Przyglądam się z coraz większym zdumieniem zdarzeniom, które zapewne obserwujemy wszyscy. Niektórzy wzruszają po prostu ramionami, bo co można począć, jeśli młody człowiek, bez żadnych logicznych, medycznych, w tym zwłaszcza epidemiologicznych, wskazań nosi na twarzy szmatę nawet na ulicy, plaży, czy w parku? Nie dalej, jak 3 dni temu widziałem pana w średnim wieku, o 21, na pustej ulicy, ze starannie zamaskowaną twarzą. Kiedyś można by pomyśleć, że chodzi o napad, ale nic z tych rzeczy! Być może należałoby podejść i spytać od jak dawna ma te objawy, ale przecież i z uprawnieniami do wykonywania zawodu lekarza byłby to dość niewybredny żart.
Nie tylko strach
W wyżej opisanej sytuacji jest to prawdopodobnie przejaw strachu, jeśli nie przerażenia oraz głębokiego przekonania, że wirus celebryta stanowi wciąż śmiertelne zagrożenie, a noszenie kagańca w jakiś magiczny sposób zmniejszy ryzyko zachorowania. Tak! Zachorowania, a nie zakażenia, bo choć wiadomo, że to jeszcze nie jest choroba, to wskutek medialnych kłamstw, powtarzanych, niestety przez ministra Niedzielskiego, wielu lekarzy i „ekspertów”, ludzie są przekonani, że kontakt z patogenem spowoduje co najmniej ciężki stan, wizytę w szpitalu, albo śmierć. Oczywiście, można powiedzieć, że każdy ma wybór i może sobie zakładać na twarz cokolwiek, na co tylko ma ochotę. Lęk potrafi, niestety, odbierać rozum. To sytuacja, która jest dość dobrze opisana przez naukowców. Czy zatem nie pozostaje nam nic innego, jak wzruszyć ramionami i zostawić ludzi w spokoju? Tak przecież robimy, udając, że nie mamy prawa się wtrącać. Wygodne wytłumaczenie, prawda? A może jednak warto, oczywiście w delikatny sposób, zapytać bez drwiny w głosie, czemu ktoś to robi? Albo wydrukować adres strony doktora Piotra Witczaka – proremedium.pl i taki kartonik, z dołączonym jeszcze adresem PSNLiN, przekazać z prośbą o przeczytanie kilku informacji? Nie wiemy, jaka będzie reakcja. Pamiętam, że starszy pan w masce i niebieskich, gumowych rękawiczkach, omal nie rzucił się na mnie w autobusie, ponieważ bez kagańca stanowiłem wśród pasażerów widok dość rzadki. Tylko że to było w czerwcu 2020 roku…
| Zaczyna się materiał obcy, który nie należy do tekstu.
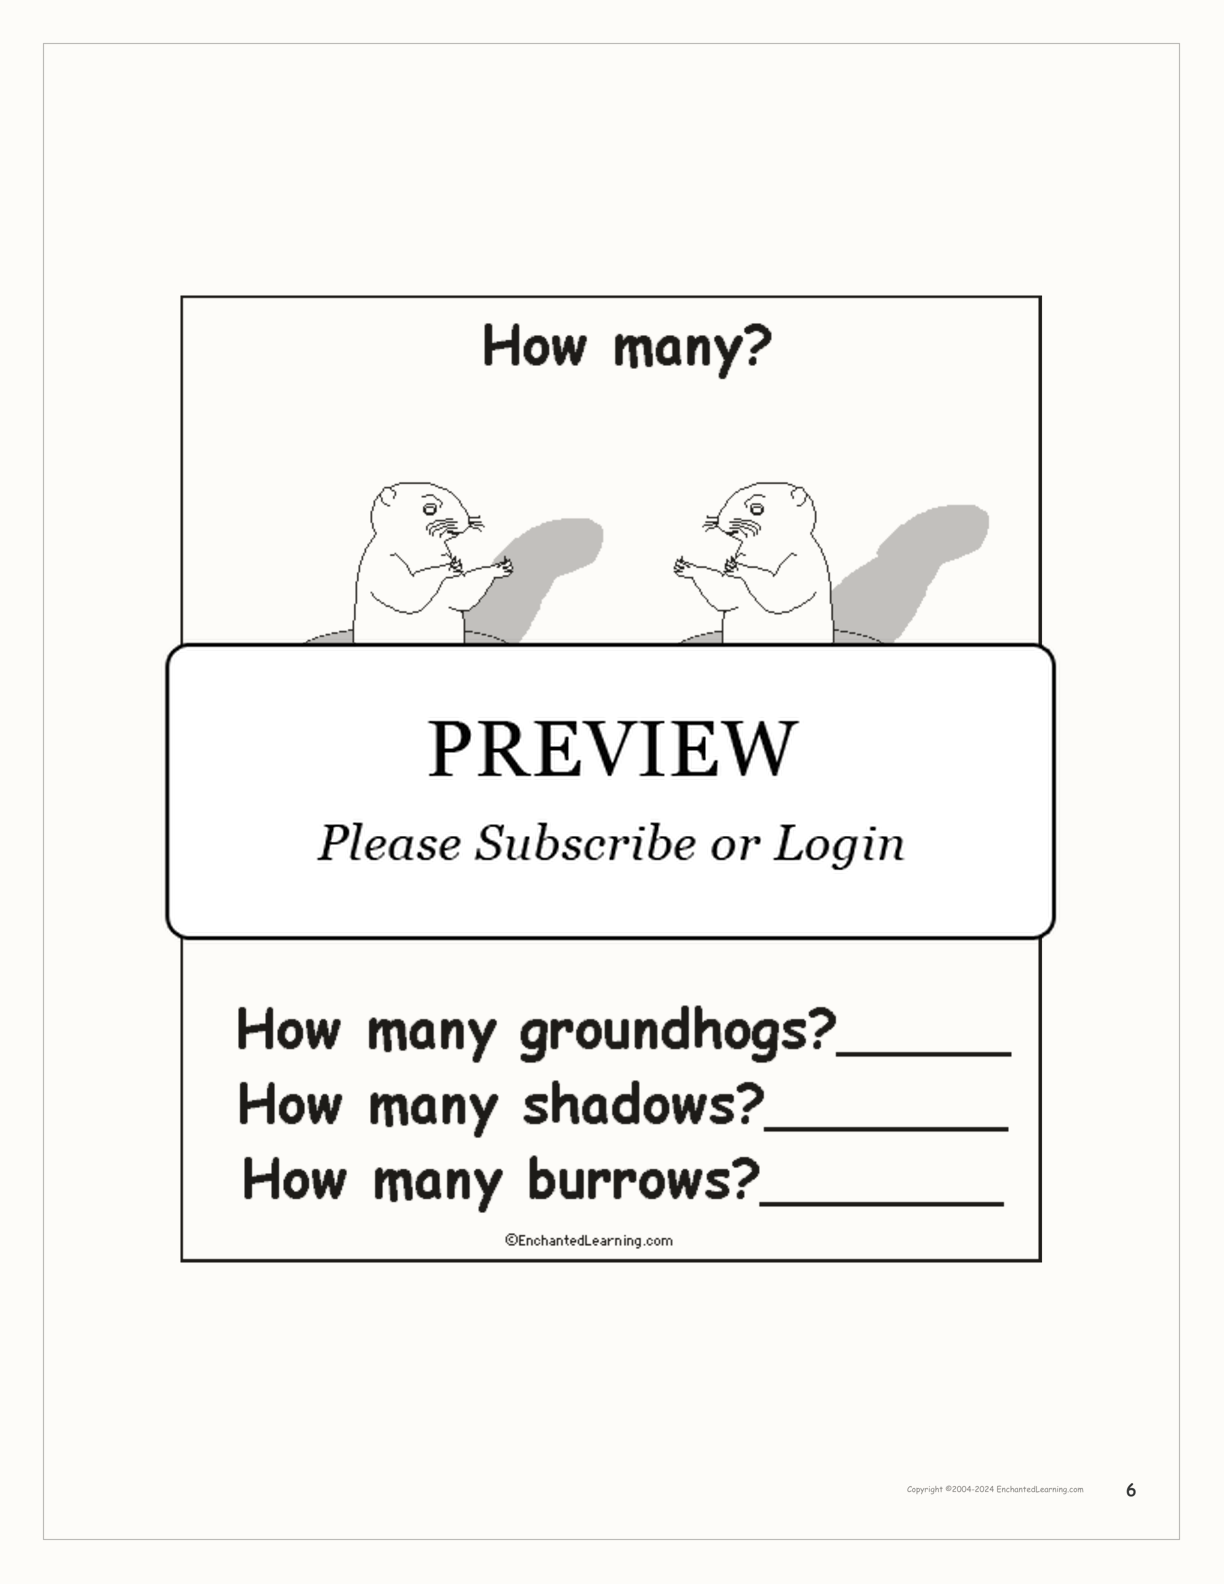 'Groundhog Day: How Many?' interactive worksheet page 6
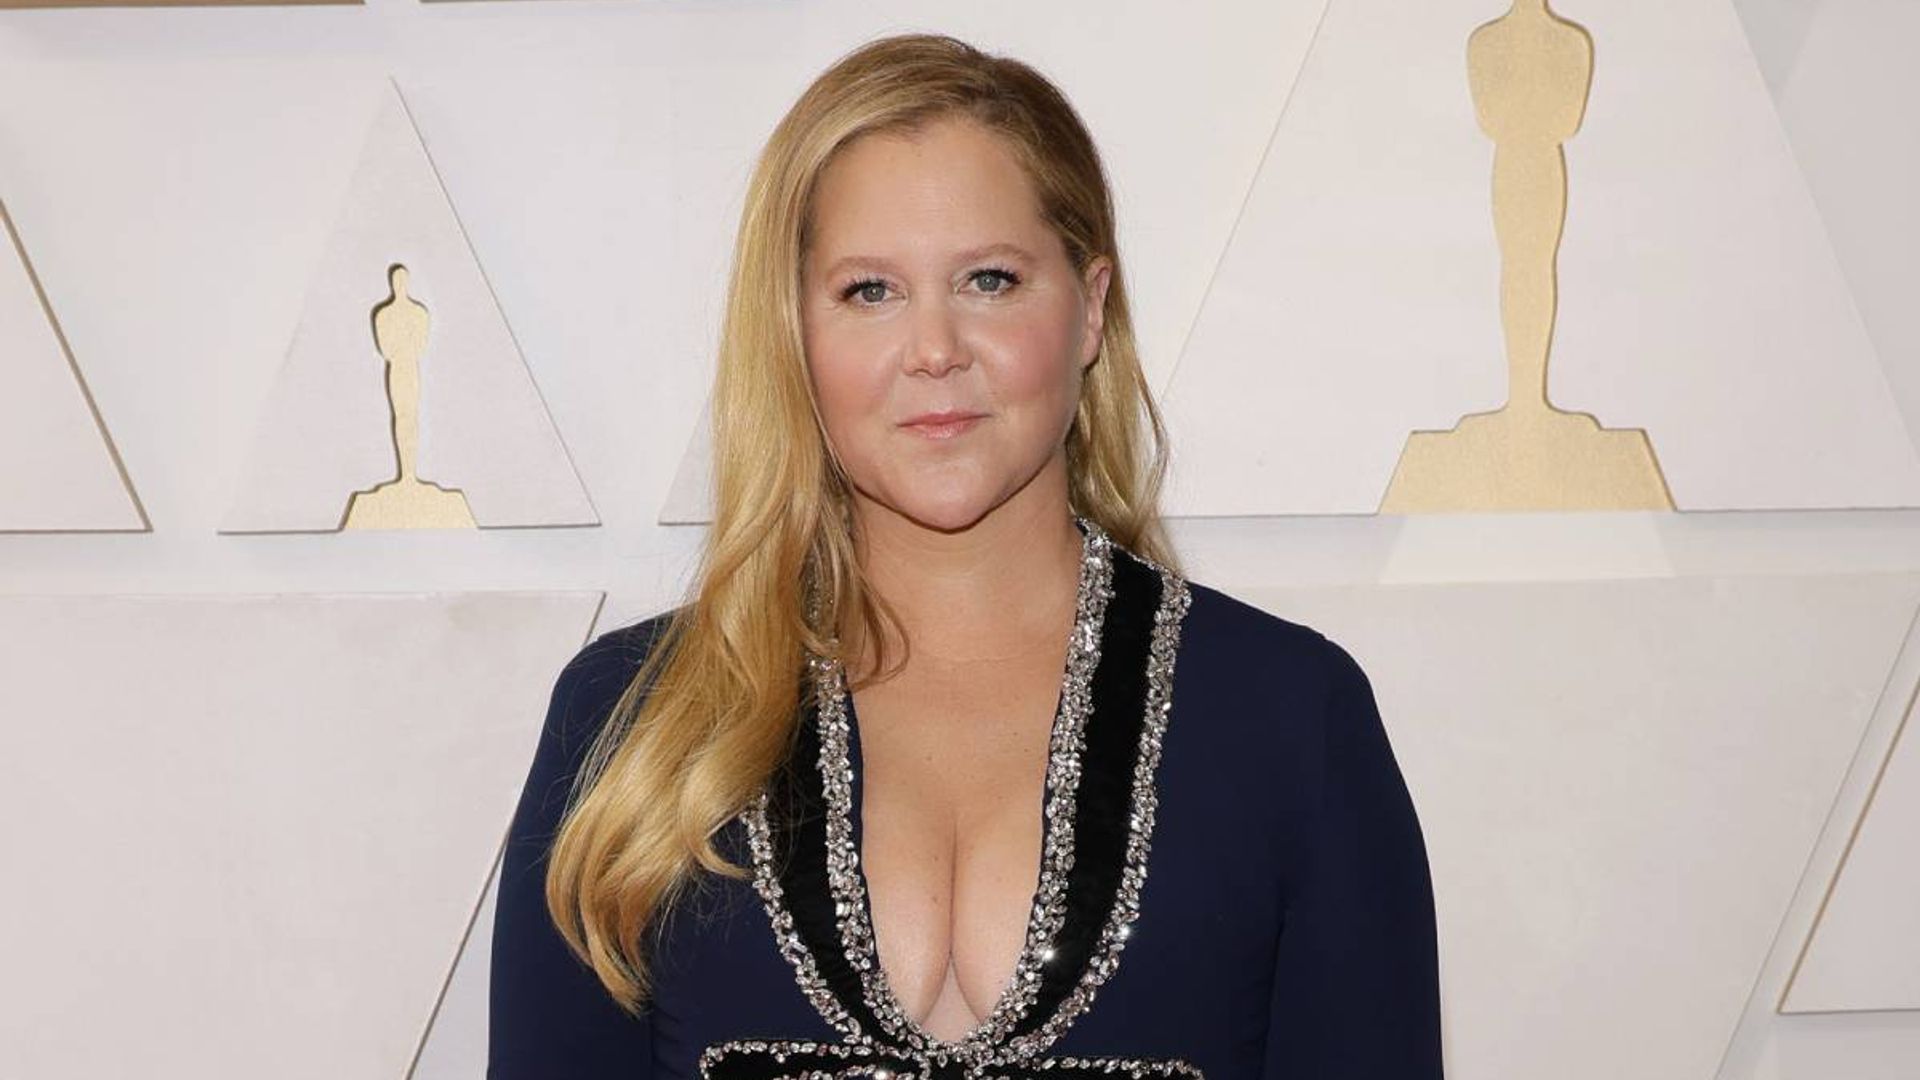 Amy Schumer releases statement about Will Smith and Chris Rock: 'So disturbing'

O ile jednak noszenie maseczki w parku, bądź na ulicy, można uznać dziś za swego rodzaju „niegroźne” dziwactwo, rozumiejąc że to prawdopodobnie efekt strachu, to co z pomieszczeniami zamkniętymi? Wszak w przychodni, ale też w aptekach, taki „obowiązek” istnieje. Fakt, że bezprawny, ale to bezprawie rozciąga się czasem także na inne instytucje, w których ktoś chce się poczuć bardziej bezpiecznie. Ostatnio w tej kwestii interweniował asystent posła Grzegorza Brauna, pan Adam Kania. W jednej ze szkół, lekarz zażyczył sobie, aby w trakcie badań lekarskich, które uczniowie mieli przejść przed nowym rokiem szkolnym, badani przyszli w maseczkach. Zagroził, że inaczej ucznia nie przyjmie. Rodzice zaalarmowali biuro poselskie. Co się stało dalej, można zobaczyć w krótkim materiale tutaj. Nie wiadomo od kiedy szkoła miałaby się stać placówką medyczną, ale przecież za chwilę może się okazać, że staną się nią środki komunikacji publicznej. Czytam, że 30% Polaków chce wprowadzenia obostrzeń… TERAZ?! Ręce i nogi się uginają. Pozostaje mieć nadzieję, że nikt rzetelnych badań nie zrobił, a to jakiś „wypadek przy pracy”, bo przecież nikt przy zdrowych zmysłach, itd. … Nie ważne, czy bandyci będą próbować kolejny raz wziąć za twarz swoich obywateli już w sierpniu, czy może „dopiero” w październiku. Pytanie jest inne! Kto się do takich nakazów zastosuje? Innymi słowy, czy mamy już w Polsce nowy rekord ZIDIOCENIA, czy też to wyłącznie, albo w przeważającej mierze, KONFORMIZM?
Wygoda za cenę wolności?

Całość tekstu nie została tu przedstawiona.